Это был он – Генрих из лаборатории мозга. Интересно, что понадобилось научному работнику от пациента нейрохирургического отделения? Может быть, захотелось проверить, жив ли странный посетитель? Или возникла новая гипотеза происхождения «очагов вины»? Или просто не с кем поговорить по душам?.. Мысли легко уместились в двухпрыжковое мгновение. Борис буквально заорал в трубку:
– Я слушаю!
– Приветствую вас, – обыденно поздоровался телефон голосом Генриха и замолчал, видимо ожидая ответного приветствия. Борис решил не сопротивляться.
– И я вас приветствую, профессор!
– Издеваетесь?! – то ли спросил, то ли констатировал ученый. – Никакой я не профессор, а если бы был им, то не сидел бы сейчас в такой захудалой комнатушке. Заведовал бы кафедрой, читал лекции студентам, получал зарплату и премию... Смешно. Нет, уважаемый, это не про меня.
Бориса распирало от нетерпения. Гений что-то не в меру разговорчив.
– Простите, если обидел, – формально извинился Мусорщик. – Я хотел спросить: вы соскучились или по делу?

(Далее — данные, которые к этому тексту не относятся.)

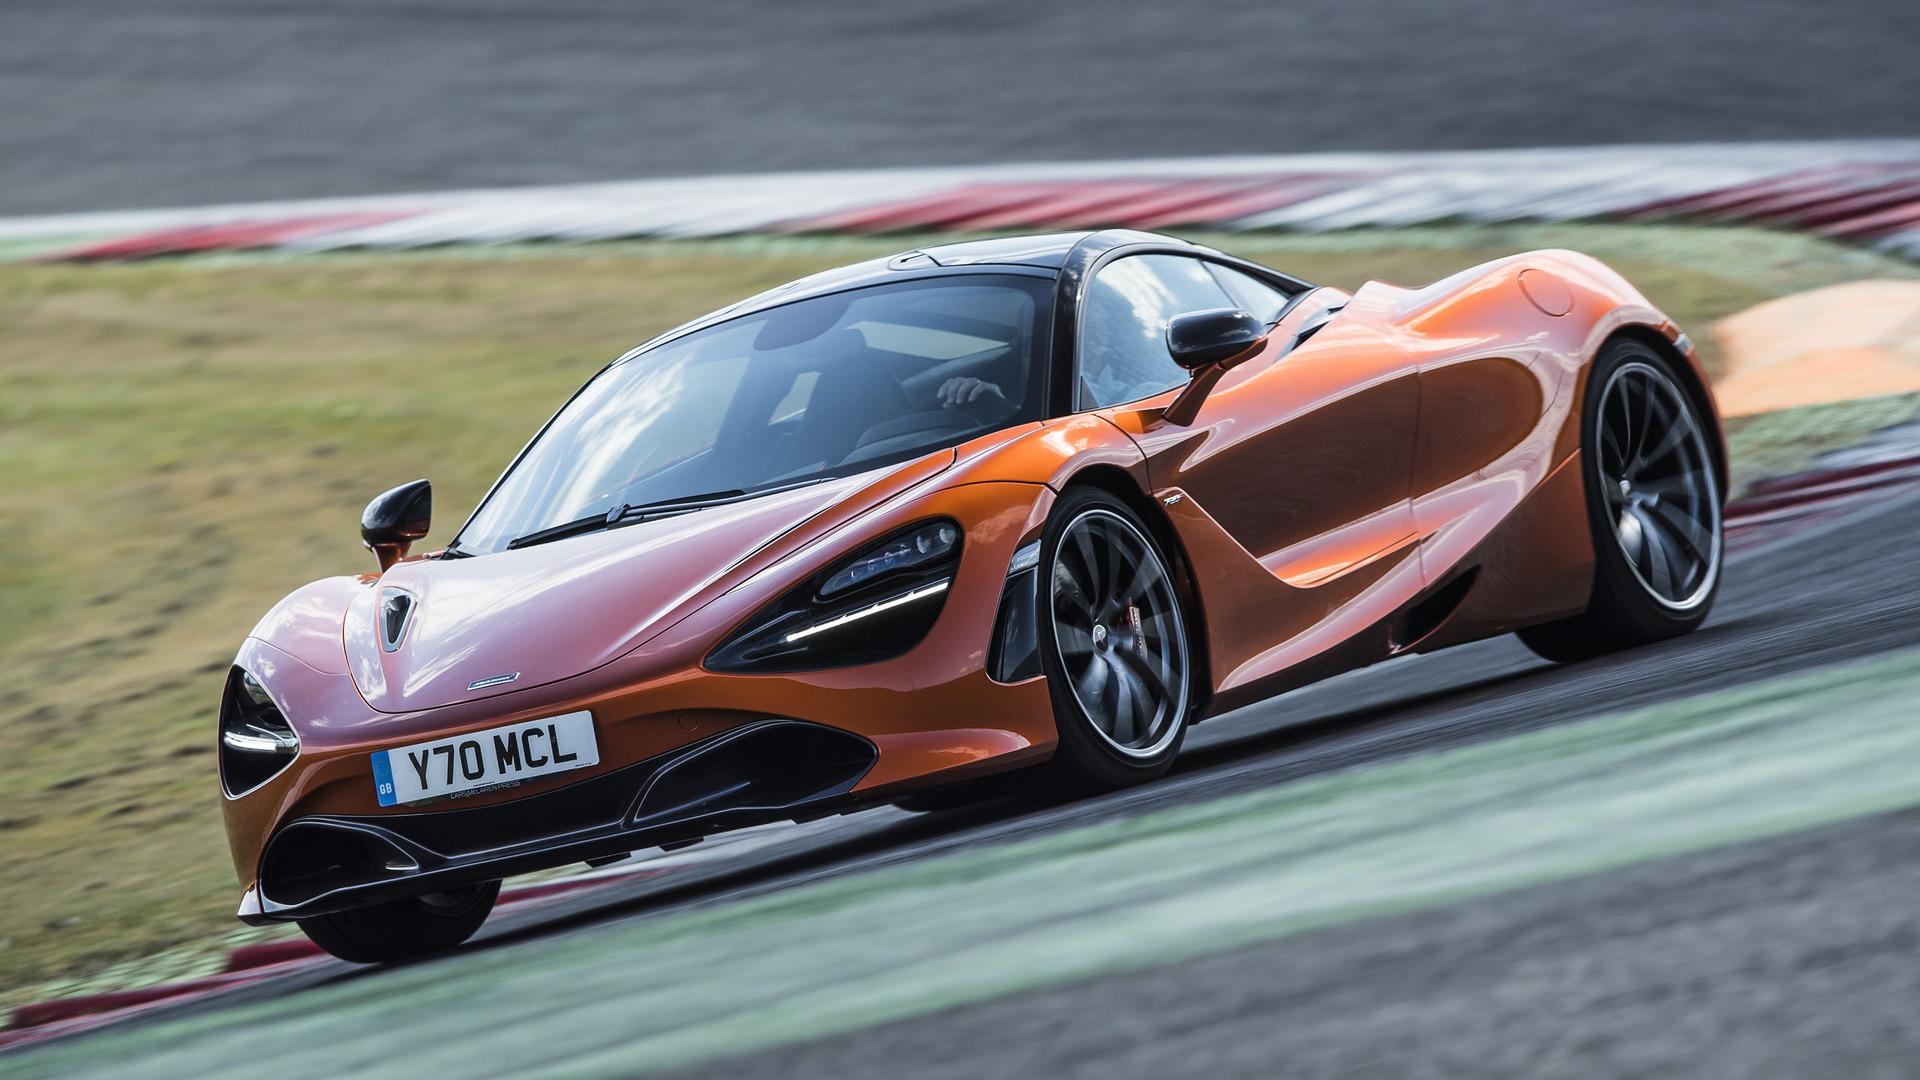 McLaren: Britanija da se fokusira na lagane automobile

Голос Генриха моментально стал жестким:
– Я вас жду. Появились кое-какие соображения. Судя по тому, что вы со мной разговариваете и даже пытаетесь шутить, операцию вам сделать не успели... Я прав?
– Да, хотя это может означать и удачный исход операции с мгновенной реабилитацией.
– Не может! – Пауза. – Почти не может. Вы уже в машине?
– Практически. Я буду через полчаса максимум.
– Жду! – Генрих отключился.
В душе Бориса вновь затеплилась проклятая надежда. Сколько раз он приказывал себе быть реалистом, сколько раз запрещал радоваться заранее, надеясь на положительный результат, какие титанические усилия прилагал, чтобы отвлечься от несбыточных желаний и нереализуемых мыслей... Нет! Снова и снова предательская мыслишка о том, что появился еще один шанс, закрадывалась в голову и, сколько бы ее ни гнали, сидела, притаившись до лучших времен. Стоило приоткрыться малюсенькой лазейке, мыслишка сразу же вырастала и крепла, пытаясь вырваться наружу, и никакими уговорами нельзя было ее угомонить. Она, настырная, все перла и перла, пока не превращалась в ощутимый, постоянно присутствующий радостный организм, живущий внутри, который вселяет уверенность: все будет хорошо. Бо точно знал, что до такой степени взращивать надежду непозволительно. Слишком больно каждый раз прощаться с ней. И чем она больше, крепче и старше, тем мучительнее и страшнее ее смерть. За плечами у Мусорщика давно образовалось приличного размера кладбище погребенных надежд. В отличие от реального на могильных плитах этого погоста было бы выгравировано одно и то же – «Надежда, которая не сбылась».